Ils mettent tout d’abord en exergue des difficultés du métier dont il ne faut pas faire fi : la dégradation des conditions d’exercice de la profession est pointée par 88% des sondés ; la faiblesse de la rémunération (nettement inférieure à celle des enseignants chez nos voisins européens) est dénoncée par 69% des sondés ; les relations trop lointaines avec le ministère de l’Education nationale par 79% ; la formation est jugée insuffisante…rien de très nouveau dans tout cela mais ces ressentis pèsent sur la profession et constituent autant de freins à son adaptation aux missions de plus en plus nombreuses que lui confie la société. Ces freins doivent être desserrés en dépit de la crise économique en vigueur, en dépit des autres priorités issues des états d’urgence sécuritaire et sociale. Il s’agit, bien sûr, d’un investissement indispensable pour assurer la place de chacun dans un monde transformé par la révolution numérique, indispensable pour notre démocratie elle-même.
Il faut ensuite retenir de ce sondage les éléments les plus positifs c’est-à-dire porteurs d’un fort potentiel d’évolution de la profession. Ce sont, en particulier : la fierté des enseignants d’exercer leur métier, soulignée par 80% d’entre eux ; l’impérieuse nécessité du travail en équipe ressentie à 70%, la motivation, sous tendue par la volonté de transmettre et de voir la réussite des élèves, pointée à 59% ; les bonnes relations établies avec les élèves (91%) et leurs parents (75%). Nous avons là les leviers, les points forts sur lesquels peut être établie une stratégie de changement.

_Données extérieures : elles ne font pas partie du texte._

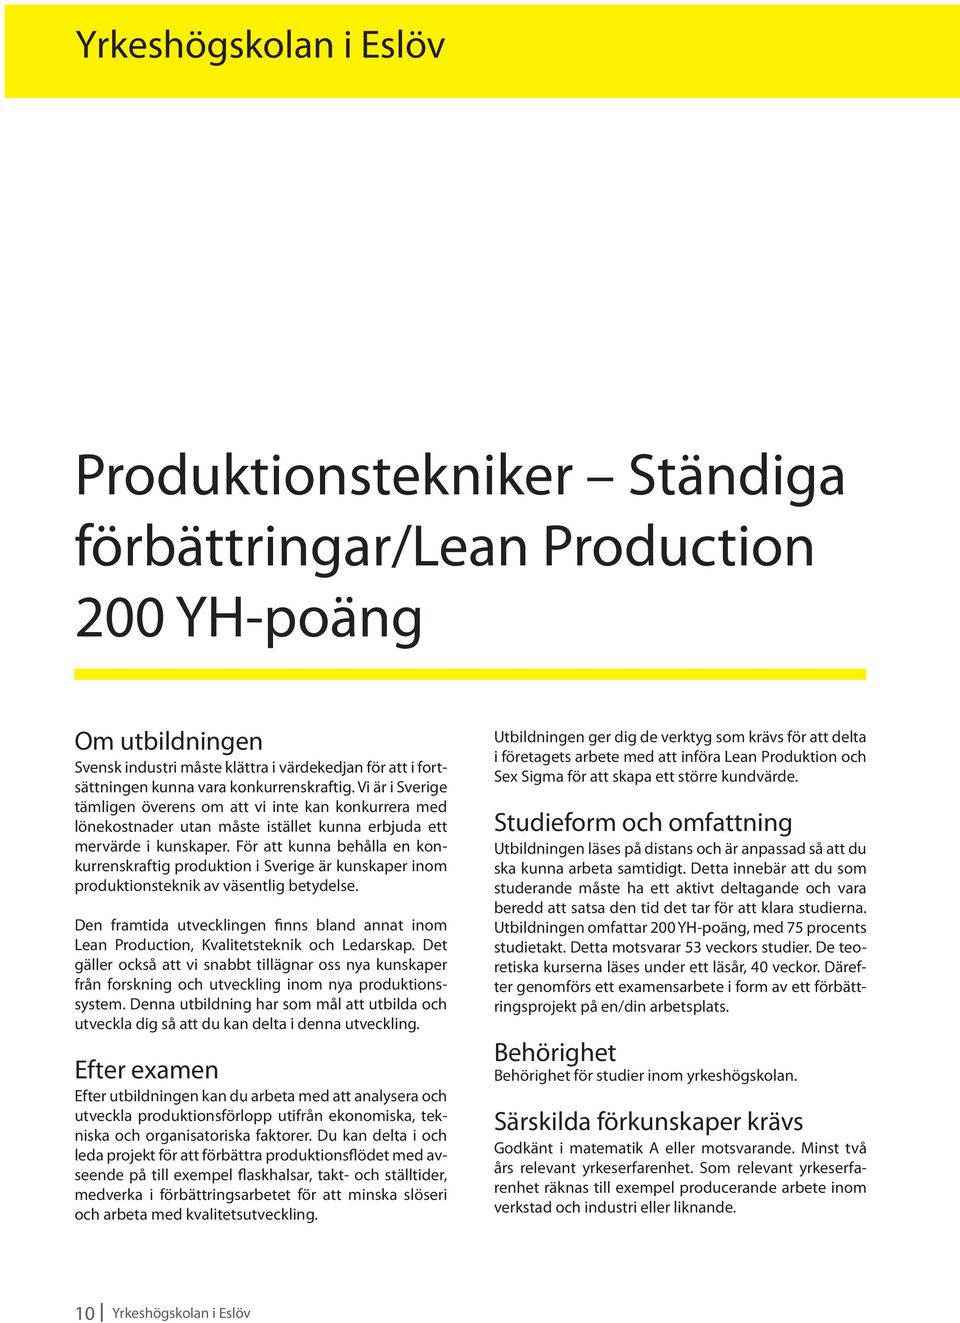 För att kunna behålla en konkurrenskraftig produktion i Sverige är kunskaper inom produktionsteknik av väsentlig betydelse.

En effet des statistiques de ce type n’ont d’intérêt véritable que si elles débouchent sur des décisions et des actions et nous savons tous qu’il y a là une urgence d’autant plus réelle que le temps de l’évolution dans l’éducation ne peut pas être l’immédiateté pour aussi pressé que l’on soit. Certes, le déficit relationnel entre le ministère de l’éducation nationale et les enseignants du premier degré procède, au moins en partie, d’une coupure plus générale entre le politique et le citoyen. A tous les niveaux, le pouvoir de décision apparaît comme étant de plus en plus éloigné des préoccupations des acteurs de terrain et exercé par des hommes et femmes déconnectés de leurs administrés. Néanmoins les liens peuvent et doivent être renoués et rien ne pourra se faire sans que soit recréé un vrai rapport de confiance. Concernant l’éducation, les personnels d’encadrement et les corps d’inspection doivent être clairement missionnés dans ce sens. A 93%, les enseignants, déjà majoritairement satisfaits de leur relation avec leur inspecteur (54%), souhaitent que s’établisse une relation de confiance.
Au vu de ces indicateurs, il semble possible d’établir, sans réforme ajoutée, les termes d’un contrat passé entre le ministère et les professeurs sur des bases négociées dans un climat apaisé. C’est une évidence que des enseignants motivés, disposés à travailler ensemble et bénéficiant d’un crédit important auprès des élèves et de leur famille peuvent transmettre de mieux en mieux savoirs et valeurs, développer plus efficacement compétences diverses et esprit critique, asseoir le vivre ensemble dans une société maintenant multiculturelle et en réseaux. C’est également une évidence que la reconnaissance financière de leur rôle est une condition nécessaire pour qu’ils se sentent moins seuls à porter les défis de l’Ecole. C’est une autre évidence que la formation, et la formation d’équipe en particulier, doit apporter une aide précieuse, un soutien et un réconfort.
Un tel contrat serait un contrat gagnant. Même si la procédure pour l’établir s’avère longue …on peut formuler le vœu que des discussions s’engagent rapidement.